When a BP neural network is adopted to train a sample, the number l 'of hidden layer nodes with undetermined values and a learning step length η' both influence the final gesture recognition effect, in order to obtain the optimal recognition rate of the BP algorithm, the change rule of a gesture recognition result along with the number of the hidden layer nodes and the learning step length needs to be analyzed firstly, in order to make the experiment result more reasonable, the value of one parameter needs to be determined firstly, the change rule of the gesture recognition result along with the other parameter needs to be researched, the value range of the hidden layer nodes is determined according to an empirical formula, therefore, the learning step length is set to be a fixed value firstly, the influence of the number of the hidden layer nodes on the gesture recognition result of the BP algorithm is researched, the learning step length is set to be η '═ 0.2, and the number l' of the hidden layer nodes is set to be a number in the empirical value range respectively, so that 8 groups of experiment results of a gesture test sample of 405 can be obtained.
TABLE 1 influence of hidden layer node number on BP Algorithm
Figure GDA0002339662500000101
According to the values given in table 1, we can study the change rule of the gesture recognition rate of the BP algorithm along with the number of nodes of the hidden layer. FIG. 7 shows the relationship between the number of hidden layer nodes and the gesture recognition rate of the BP algorithm. As can be seen from fig. 7, when the number of hidden layer nodes is within the range of the empirical value, the gesture recognition rate increases with the increase of the number of nodes, and when the number of hidden layer nodes reaches a certain value, the gesture recognition rate may be reduced. This is because increasing the number of hidden layer nodes increases the number of iterations, which causes the neural network to over-fit, resulting in a reduced gesture recognition rate. Therefore, selecting the appropriate number of hidden layer nodes is crucial to the BP neural network model.
As can be seen from table 1, when the number of hidden layer nodes is l' ═ 25, the gesture recognition rate of the BP algorithm is the highest, and at this time, after 436 iterations, the mean square error of the BP algorithm reaches the preset minimum value, and the network training is finishedThe initial value range of the learning step length η' of the network is [0.1,0.7 ]][60]The number of hidden layer nodes l 'is set to 25, and the gesture recognition results when the learning step η' takes different values within the range are shown in table 2.
TABLE 2 Effect of learning step size η' on BP Algorithm
Figure GDA0002339662500000111
As can be seen from table 2, when the learning step η 'is 0.45, the gesture recognition rate of the BP algorithm is the highest, and therefore the learning step η' is 0.45 is selected as the optimal value, therefore, all parameters of the BP algorithm for obtaining the optimal recognition rate are determined, that is, when the hidden layer node number is l '25 and the learning step η' is 0.45, the gesture recognition effect of the BP algorithm is optimal.
(2) ELM algorithm experimental design
When an ELM algorithm is selected to classify and identify 405 gesture test samples, the number of nodes of an input layer of the ELM algorithm is 360 of the dimension of a gesture description vector, the number of nodes of an output layer of the ELM algorithm is 9 of the gesture sample class, and an excitation function is an S-shaped function.

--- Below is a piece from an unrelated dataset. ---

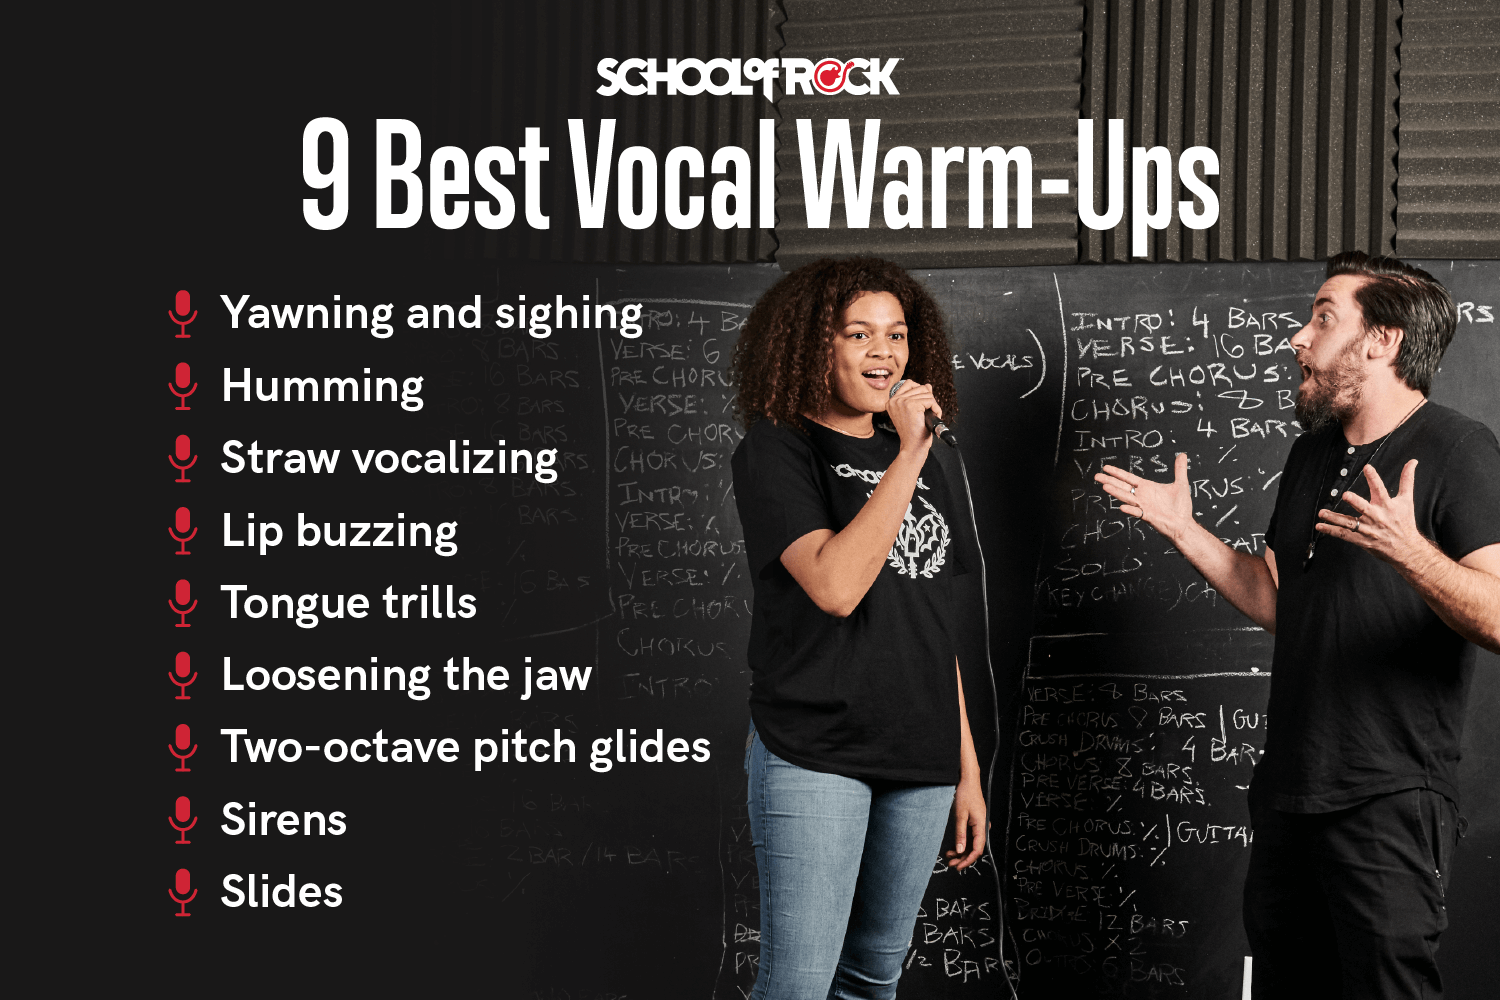 9 best vocal warm ups from School of Rock

Because the weight and the threshold are not required to be determined in the ELM algorithm, after the gesture sample vector is input in the ELM neural network, the gesture sample can be trained and recognized only by confirming the number of the hidden layer nodes. In the gesture recognition process, the value of the number of hidden layer nodes of the ELM algorithm is not provided with an empirical formula for reference, so that the number of the hidden layer nodes is sequentially 1-50, and the relationship between the gesture recognition result of the ELM algorithm and the number of the hidden layer nodes is researched. According to the gesture recognition result in fig. 8, the relationship between the gesture recognition rate of the ELM algorithm and the number of hidden layer nodes can be studied. As can be seen from fig. 8, when the number of hidden layer nodes is a value within [1,39], the gesture recognition rate of the ELM algorithm is continuously increased in fluctuation with the increase of the number of hidden layer nodes until the number of hidden layer nodes increases to 39, and the gesture recognition rate reaches the highest value. When the number of hidden layer nodes is greater than 39, the gesture recognition rate is reduced as the number of hidden layer nodes increases. Therefore, when the ELM algorithm achieves the optimal gesture recognition rate of 84.2%, the number of hidden layer nodes is 39.

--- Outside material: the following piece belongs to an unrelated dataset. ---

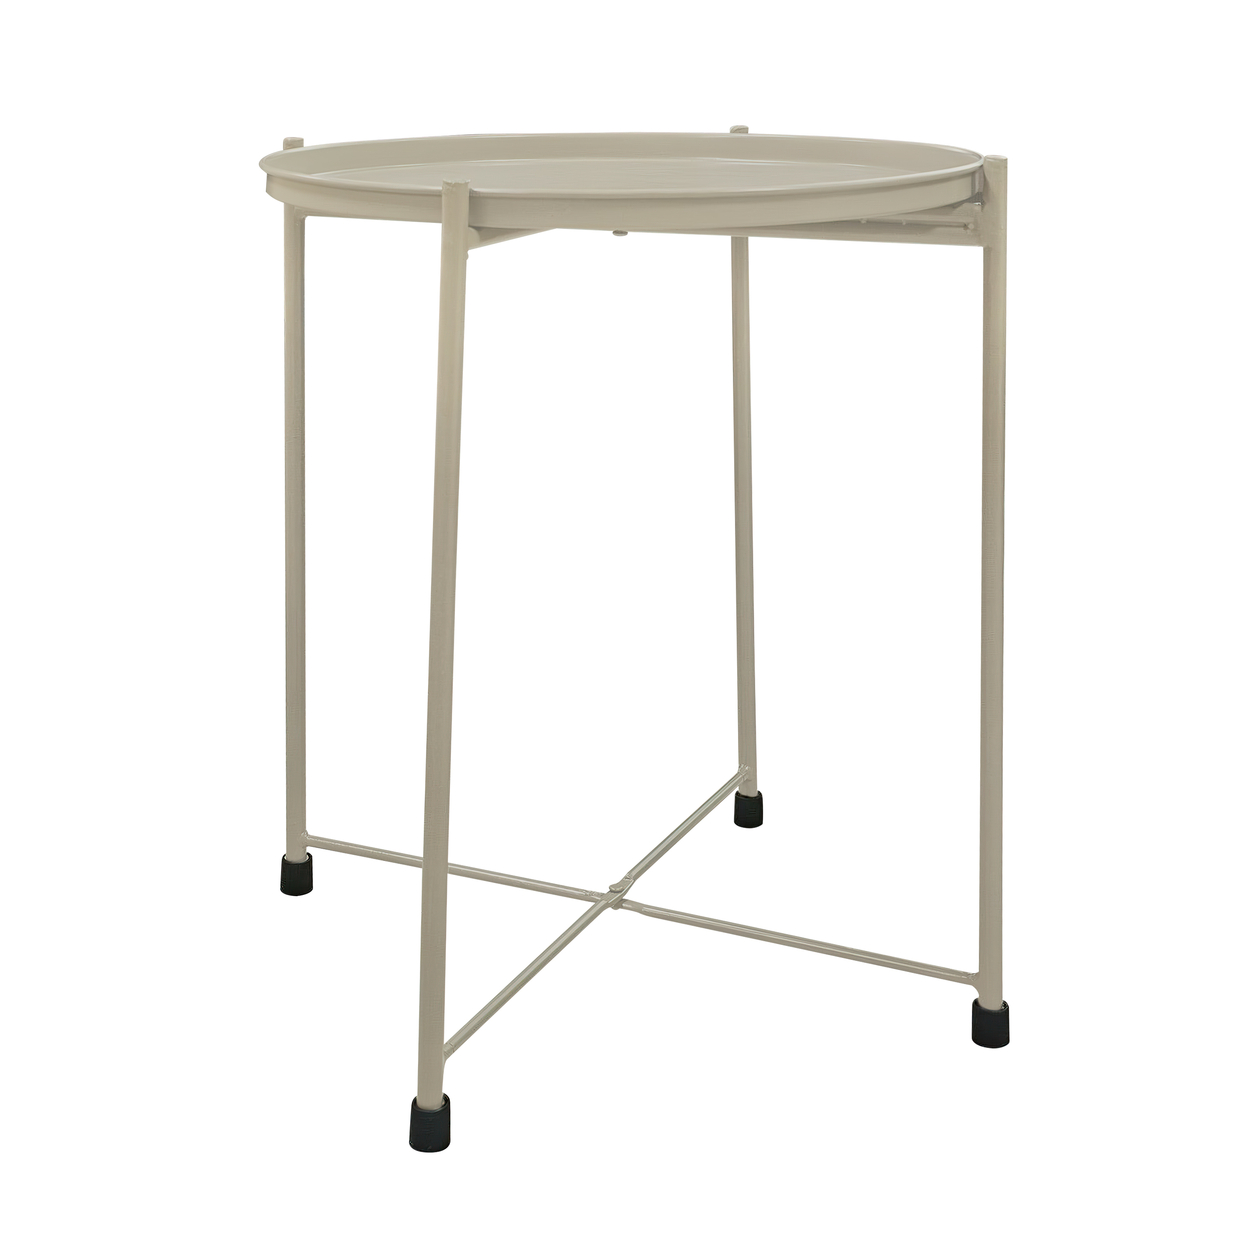 18 Inch Modern Side End Table, Round Metal Tray Top, Foldable Legs, Beige - Saltoro Sherpi

According to two sets of designed experiments, the invention researches the change rule of the gesture recognition results of the BP algorithm and the ELM algorithm along with respective parameters, and determines the parameters when the two algorithms reach the highest recognition rate, in the ELM algorithm, because a weight matrix from an input layer to a hidden layer and a threshold value of a node of the hidden layer are randomly generated, the final gesture recognition result fluctuates, in order to make the experiment result more reasonable, when the ELM algorithm is adopted to recognize a gesture, the experiment is repeated for 20 times after the node number of the hidden layer is set, the average value of the experiment results of 20 times is taken as the gesture recognition result of the ELM algorithm, meanwhile, the training time length of each experiment is recorded, the average time length of 20 times of experiment is taken as the training time length of the ELM algorithm, the experiment can obtain, when the node number of the hidden layer is 39, the average gesture recognition rate of the ELM algorithm is 83.3%, the average training time length is 0.03 second, the experiment of the BP algorithm can know, when the node number of the hidden layer is l is 25, the learning step length is η, the highest gesture recognition rate of the BP algorithm is reached, and the gesture recognition rate is 10.8.8.8.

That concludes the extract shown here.